ACTC nº 287/05
Processo n.º 217/2005
2.ª Secção
Relatora: Conselheira Maria Fernanda Palma
Acordam na 2.ª Secção do Tribunal Constitucional
I
Relatório
1. Nos presentes autos de fiscalização concreta da constitucionalidade, vindos
do Tribunal da Relação de Lisboa, em que figura como recorrente A. e como
recorrido o Ministério Público e B. e outra, o Tribunal da Relação de Lisboa,
apreciando um recurso interposto pelo arguido de um despacho que indeferiu a
realização de uma perícia, decidiu, por acórdão de 2 de Junho de 2004, anular o
julgamento realizado em primeira instância [no qual o arguido foi condenado pela
prática de um crime de homicídio qualificado, previsto e punível nos termos dos
artigos 131º e 132º, nº 1, e nº 2, alínea i), do Código Penal] e ordenou a
realização de nova perícia psiquiátrica ao arguido, para avaliação de “um quadro
de stress pós traumático (de guerra)”.
Na sequência de tal decisão, o Ministério Público junto do Tribunal da Relação
de Lisboa requereu a declaração de especial complexidade do processo, nos termos
do artigo 215º, nºs 1, alínea d), e 3, do Código de Processo Penal. Fê-lo nos
seguintes termos:
2 - Relativamente à situação processual do arguido verifica-se que: este arguido
encontra-se ininterruptamente detido desde 2.04.02 (fls. 50 verso); por douto
despacho de fls. 60-62 foi determinada a sua prisão preventiva, mantida e
reafirmada por doutos despachos de reexame efectuados na fase de inquérito, de
instrução e de julgamento - fls. 215, 299, 373, 414, 629, 641, e 796.

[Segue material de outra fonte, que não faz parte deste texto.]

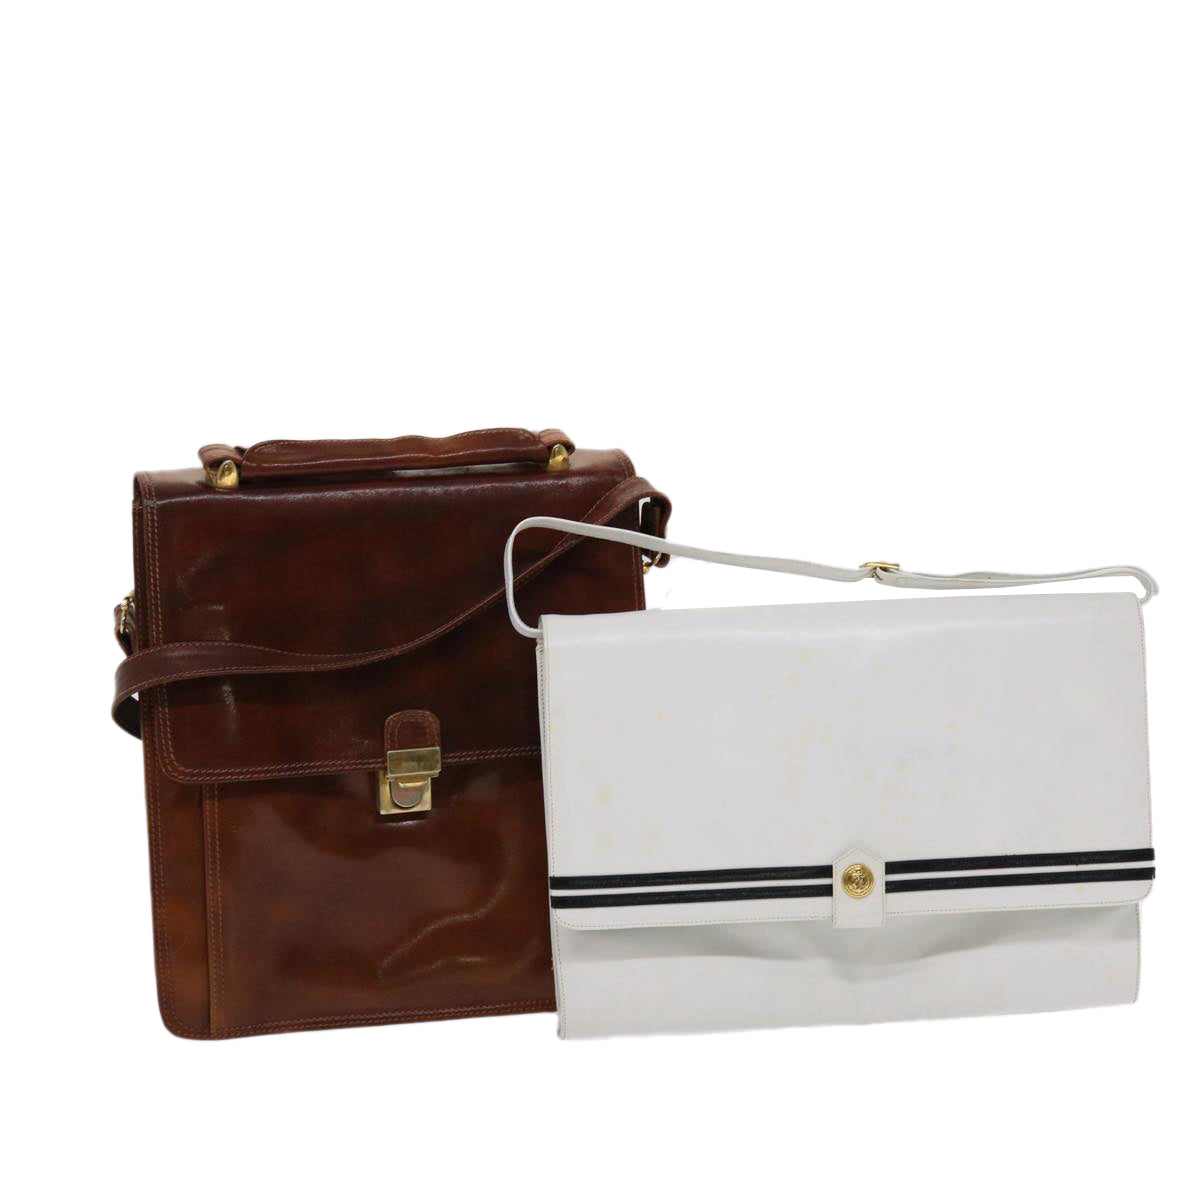 BALLY Shoulder Bag Leather 2Set Brown White Auth bs6514

Em nosso entender permanecem válidos e inalterados os pressupostos de facto e de
direito determinantes da prisão preventiva pelo que, promovo que continue a
aguardar nessa situação.
Mais se verifica que, a Acusação dos autos foi proferida em 27.05.02, a
pronúncia, em 17.01.03 e a condenação em 27.01.04; que os autos têm adquirido
excepcional complexidade resultante dos exames periciais realizados; e que, em
sede de recurso interlocutório o arguido invoca a necessidade de novas perícias;
que a dilação temporal entre as fases da Acusação, de instrução e julgamento
demonstra a tendência para a morosidade dos actos processuais que envolvem a
determinação da responsabilidade penal do arguido, decorrente das diligências
requeridas e sua complexidade; tendo em conta o crime fortemente indiciado
contra o arguido e condenação proferida, ainda que não transitada em julgado, e
a previsível demora dos autos, promovo que os mesmos sejam declarados de
excepcional complexidade nos termos e para os efeitos do arts. 215º, n.º 1,
alínea d), e 3, n.º 3 do CPP.
À defesa não foi dada oportunidade de se pronunciar sobre tal requerimento.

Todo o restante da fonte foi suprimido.